因为喝醉了发生了去到对方家里的事件,这件事对陈墨来说冲击实在是太大了,于是过去的几天她都完全不敢去看自己微信里的鲸鱼头像,就连和江晚晚的微信聊天都没有太自然。而那个人仿佛知道她的芥蒂和脸皮薄,或者也是又开始真的很忙,于是也就没有主动说话。
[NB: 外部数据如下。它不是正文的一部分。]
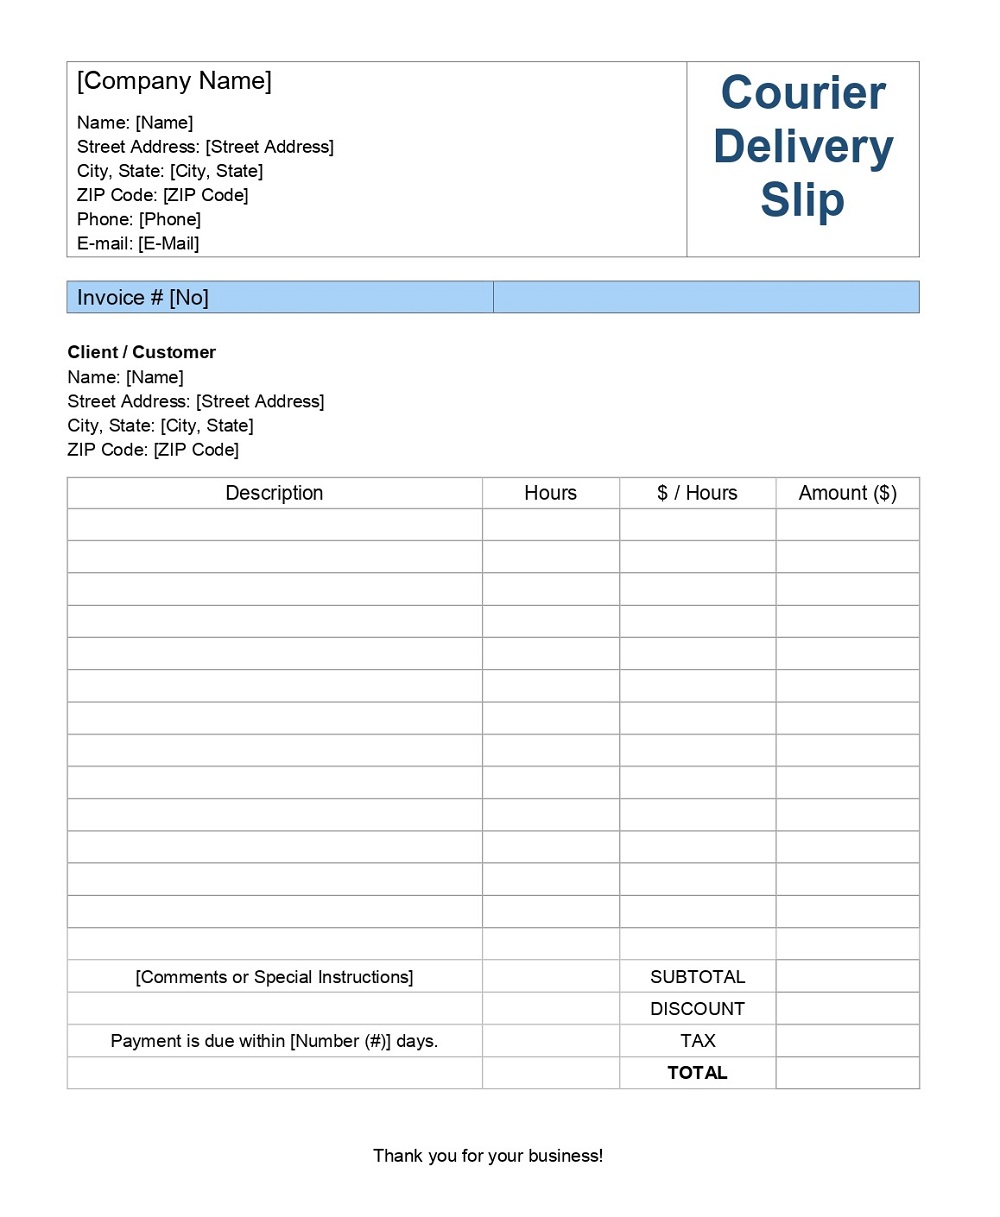 Courier Delivery Slip

就算是复健,陈墨也是自己去,没好意思约他。
那天回家之后,陈墨想起自己喝醉那天对方给她买了......内衣这样的,最终还是鼓起勇气问了他,要转钱给对方,然而他过了些时间回复的是:
“小陈老师,如果真的要纠结细节的话就太多了。不至于。”
陈墨愣愣的把那条信息看了好几次,关上手机,翻来覆去的想想要怎么去感谢他们,给他们买什么礼物......
可他们什么都不缺......
--------好久没有朋友的她不知道怎么应付这种头疼的问题----------------------
这段时间,媒体上就有了星云乐队筹备新专辑的信息。但同时,Abyss深渊乐队也要发布自己的新专辑。大约是唯恐天下不乱,大概是那边【旋转高速】公司也要借势炒作,于是就炒作了一位在新专辑里的音乐制作人,这位音乐制作人在业界里很资深,给很多乐队做的歌都火,但是档期有限,只能选一个。最初媒体莫名爆出来NEBULA成员不太属于爱豆团体,他们自己也可以制作,并不太依赖好的制作人,这帖子就显得有点骄傲的意味,事实上并不是,这位制作人也是这次星云乐队想邀请的新专辑制作人之一,于是这段时间两家公司就在为这个事情拉锯和掐架,明眼人一看就知道这就是Abuss新专辑的借机炒作和外宣。
陈墨的天籁传媒也接到了对陈墨的邀请,但天籁是一家自由度很高的公司,为了这个问题,浑身纹身刺青什么的老板还专门问了问陈墨的意思,想不想去,如果不想去就可以不去。反正无非是钱少钱多。陈墨没有什么犹豫,诚实的说,已经答应人家了。
即使如此,其他工作也还是很日常的进行,替场,棚录,编曲......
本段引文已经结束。